Since May 8, 2018, after the March quarter (Q4FY18) results, the stock has outperformed the market by surging 45% as compared to 6.5% rise in the S&P BSE Sensex.
For FY18, the company reported a stellar performance by reporting net profit of Rs 10.81 billion against net loss of Rs 501 million in FY17. The topline increased around 220% year on year (YoY) to Rs 27.50 billion. The EBITDA (earnings before interest, taxes, depreciation and amortization) margin for the fiscal was at 62.6% against 9.4% in FY17. HEG has also repaid its entire debt (long term, short term as well as working capital) and is now debt free, providing further strength to balance-sheet.

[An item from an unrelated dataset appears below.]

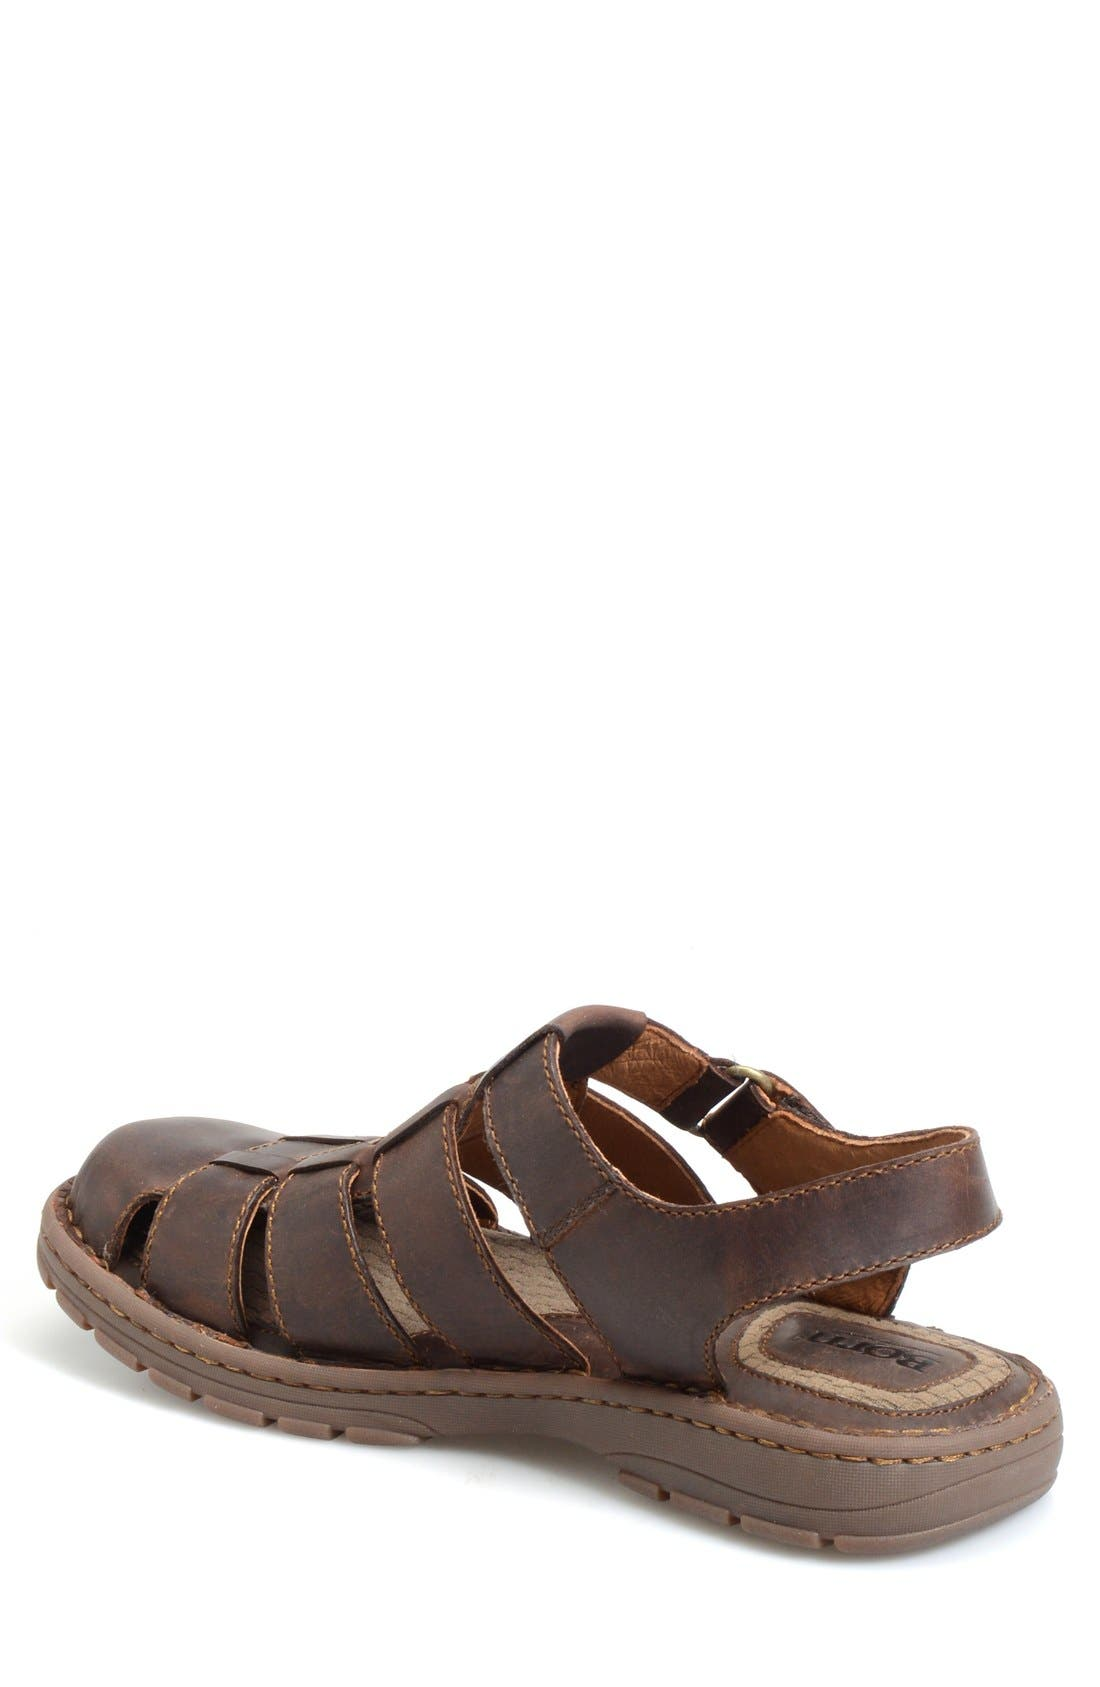 'Osmond' Leather Sandal,                             Alternate thumbnail 2, color,                             Mink
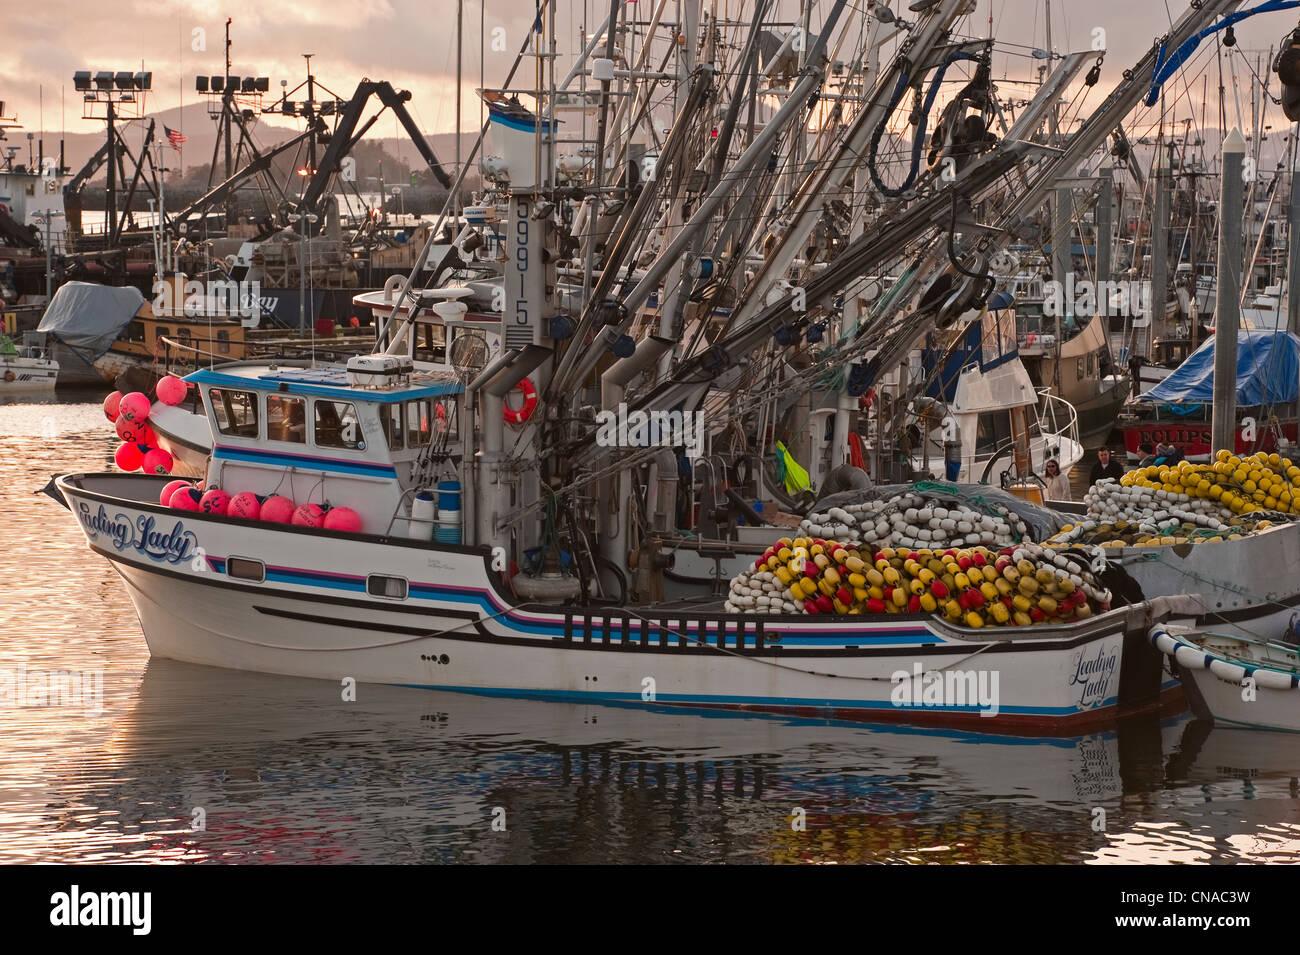 Sac huevas de arenque acoplado en la flota pesquera Thomsen Harbour en Sitka, Alaska, EE.UU. Imagen De Stock

ICICI Securities expect HEG to continue to report a healthy performance on the back of increasing realisations. HEG’s topline is likely to increase around 649% YoY, around 19% QoQ. The brokerage firm expects HEG to report strong EBITDA margins of 66.7%.
“We expect HEG to continue to report robust profitability for Q1FY19E supported by consistently increasing realisations. We expect the company to report a healthy capacity utilisation level of around 85%. The topline is likely to increase 648.8% YoY and 19.0% QoQ to Rs 15.38 billion while EBITDA is likely to come in at Rs 10.25 billion, implying an EBITDA margin of 66.7% (vs. Q4FY18: 73.6% and Q1FY18:11.4%). We expect the company to report a profit after tax of Rs 6.70 billion,” ICICI Securities said in Q1FY19 result preview.
At 11:55 am; HEG was trading 1.7% higher at Rs 4,183 on the BSE, as compared to 0.38% rise in the S&P BSE Sensex. A combined 150,252 equity shares changed hands on the counter on the BSE and NSE so far.